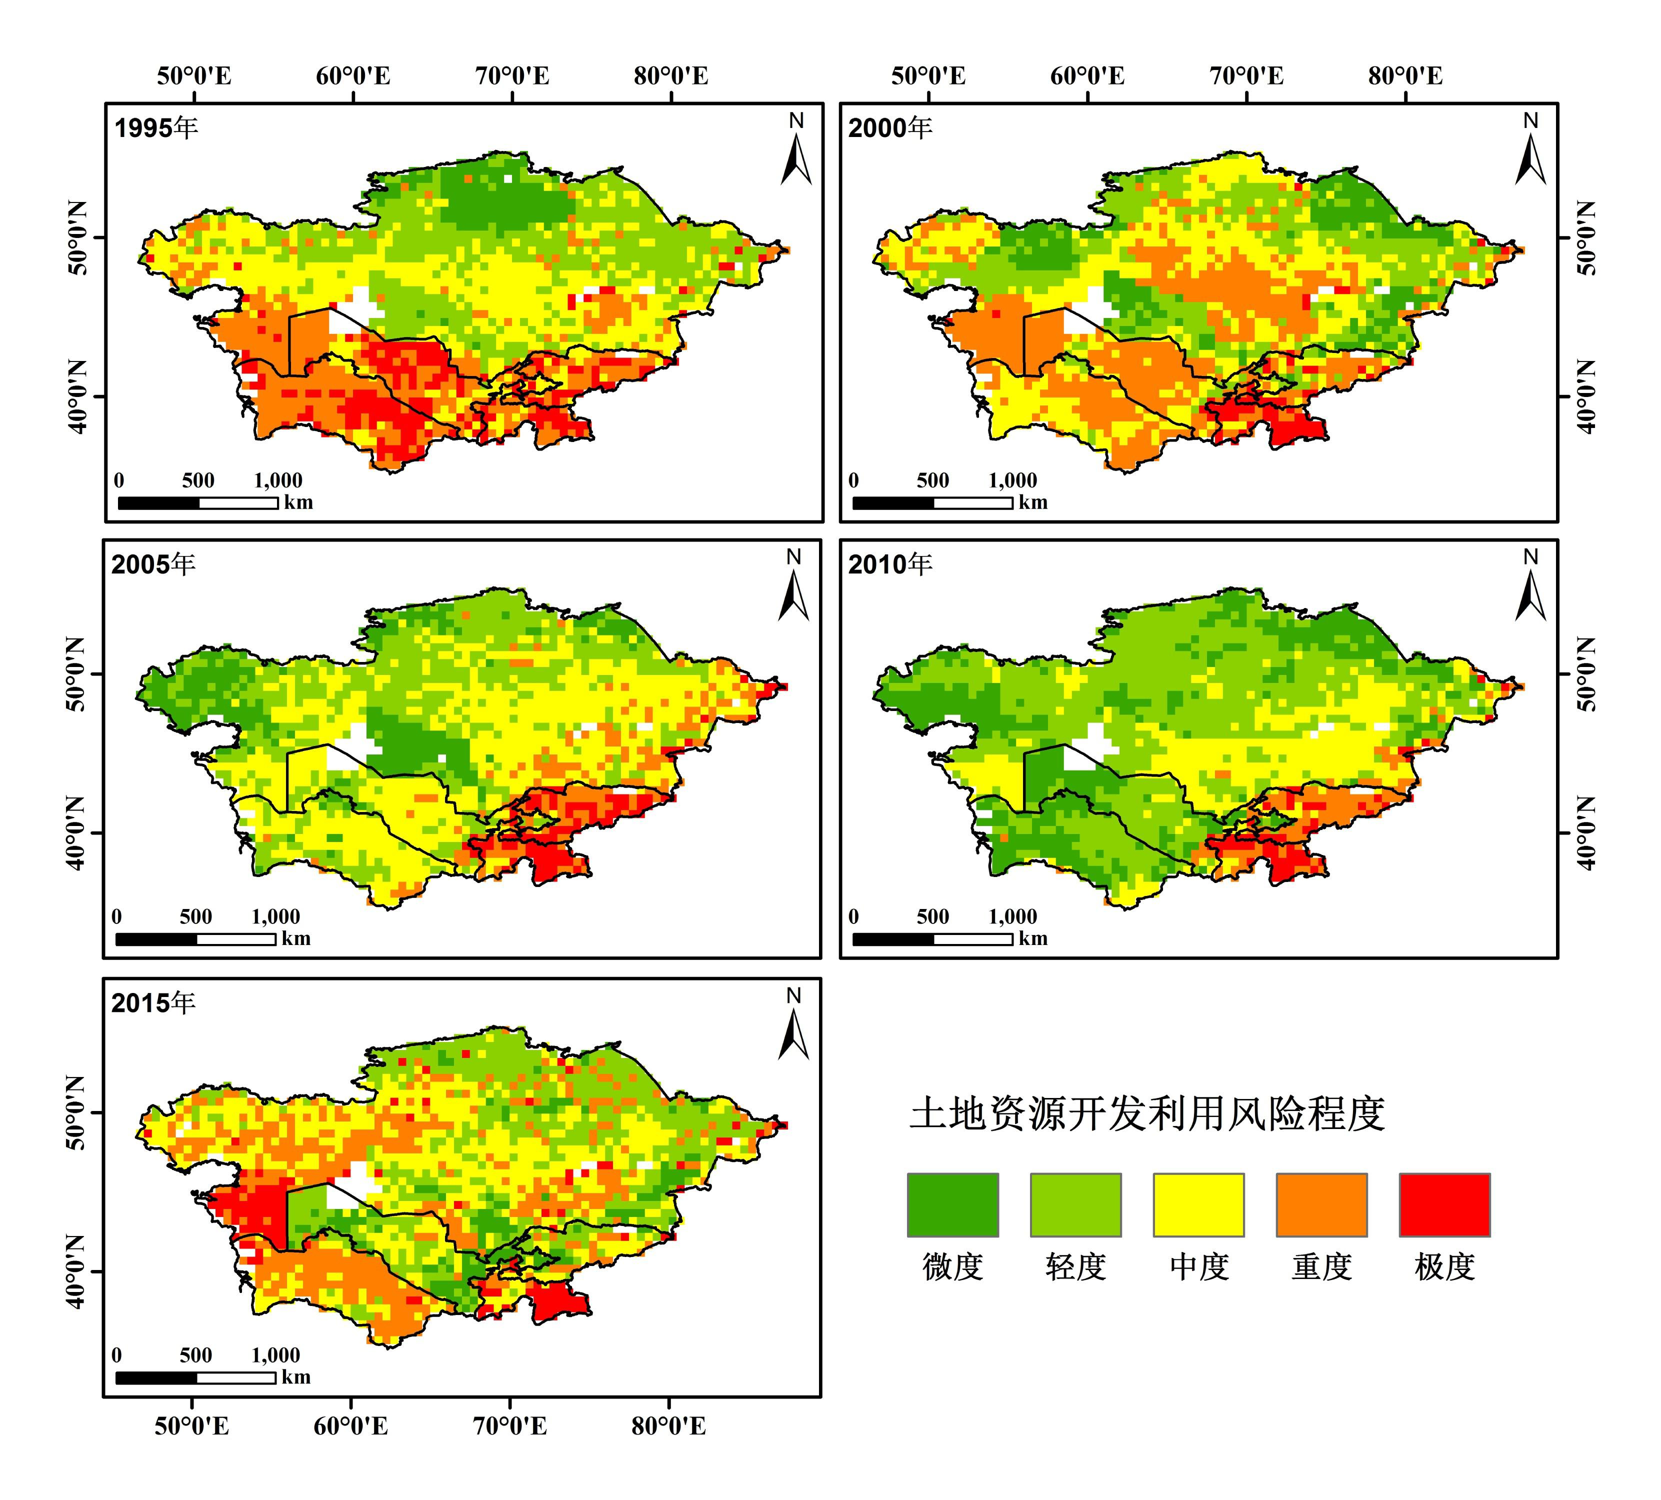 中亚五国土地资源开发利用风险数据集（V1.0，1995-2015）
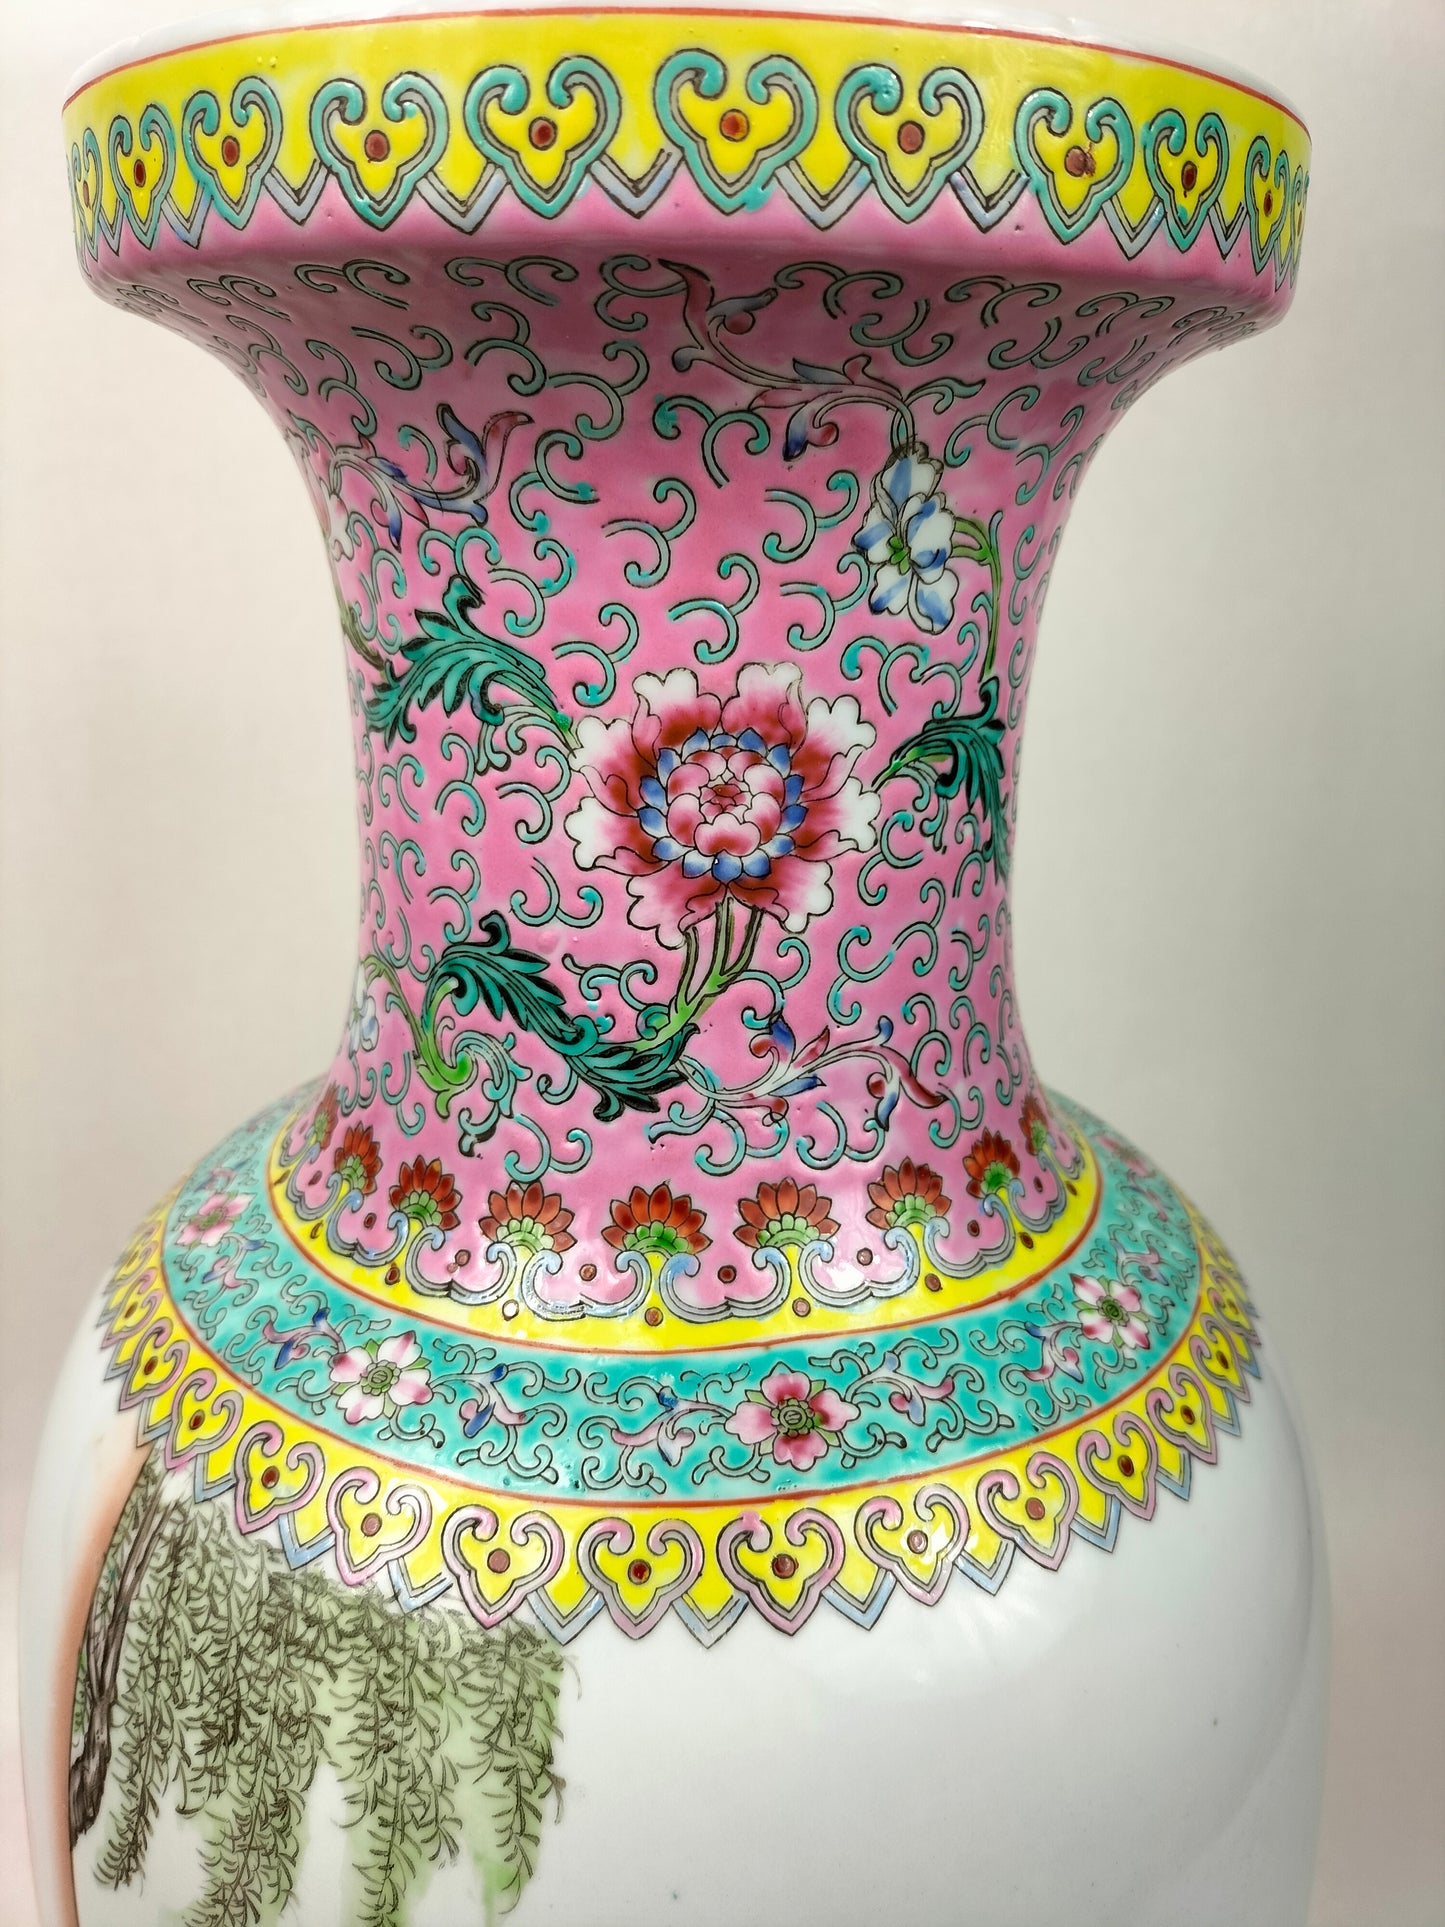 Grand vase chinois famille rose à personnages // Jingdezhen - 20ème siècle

--

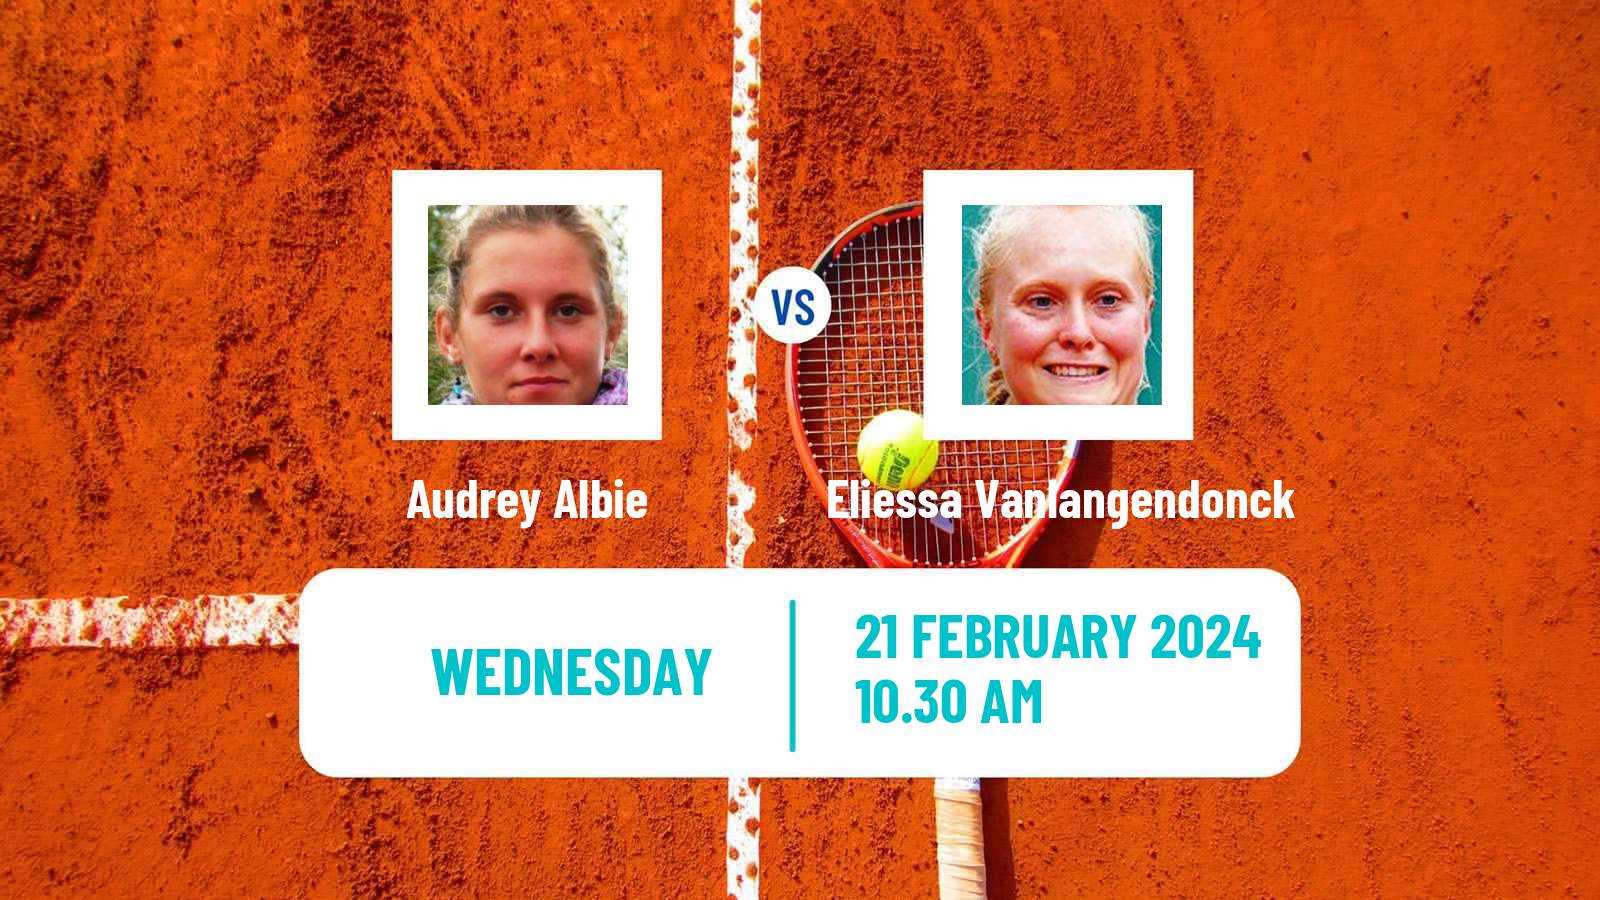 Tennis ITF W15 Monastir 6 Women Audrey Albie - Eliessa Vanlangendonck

--

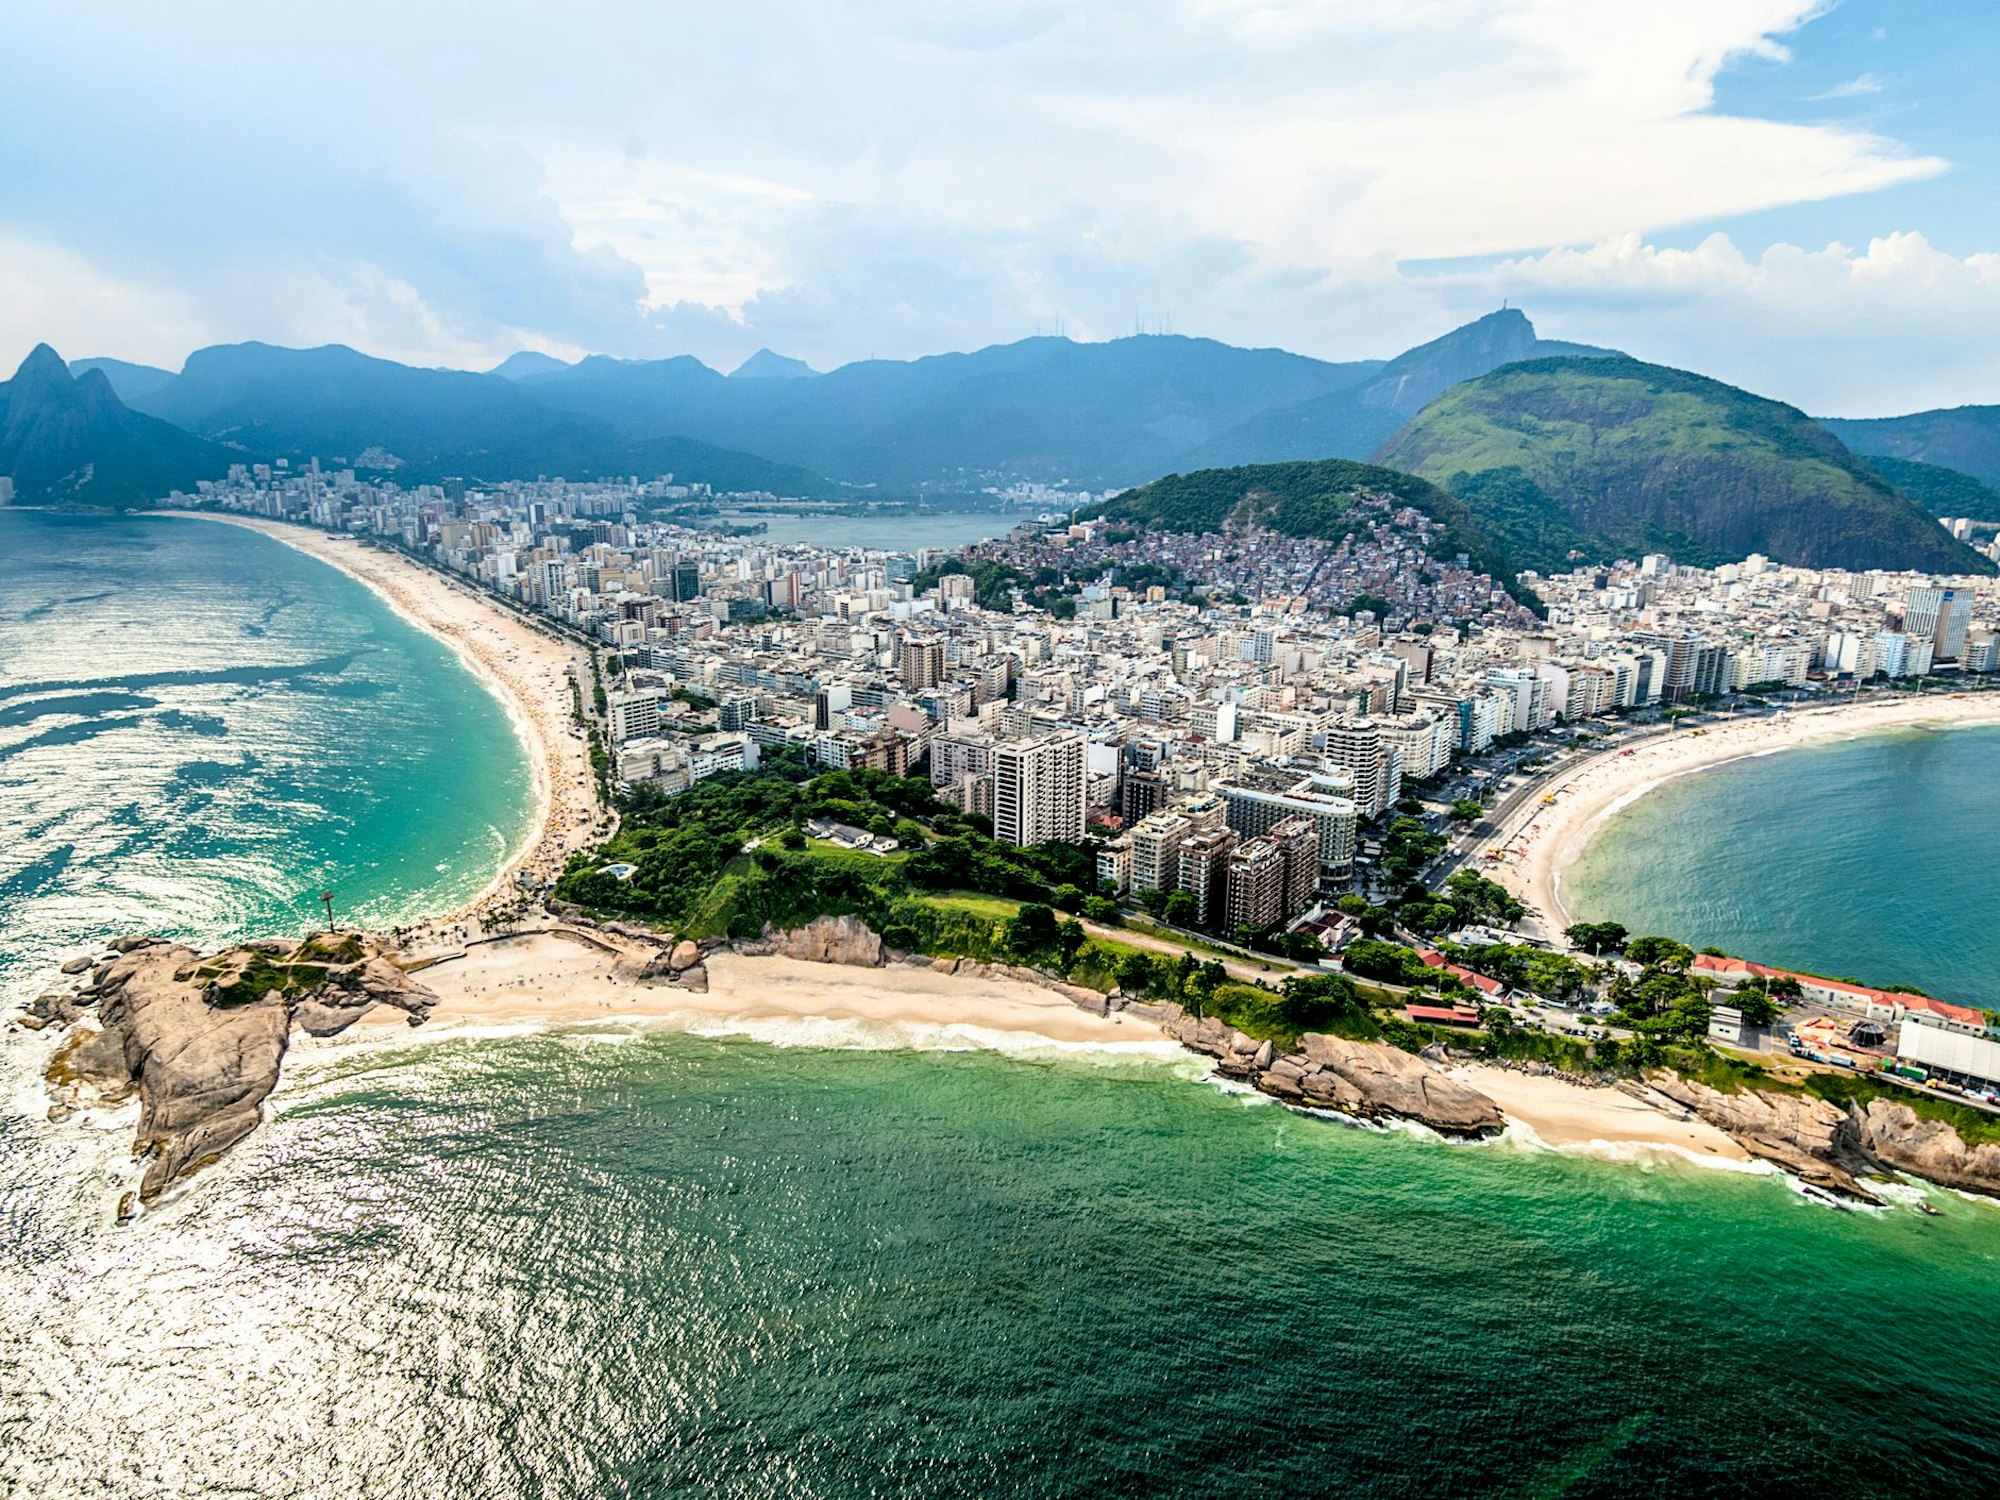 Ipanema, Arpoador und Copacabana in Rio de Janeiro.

Exercise: Up in the listing, locate the line with "中亚五国土地资源开发利用风险数据集（V1.0，1995-2015）"; print it and every line after it down to the line with "Grand vase chinois", which is included too. Skip the pictures.

Output below:
 中亚五国土地资源开发利用风险数据集（V1.0，1995-2015）
 Grand vase chinois famille rose à personnages // Jingdezhen - 20ème siècle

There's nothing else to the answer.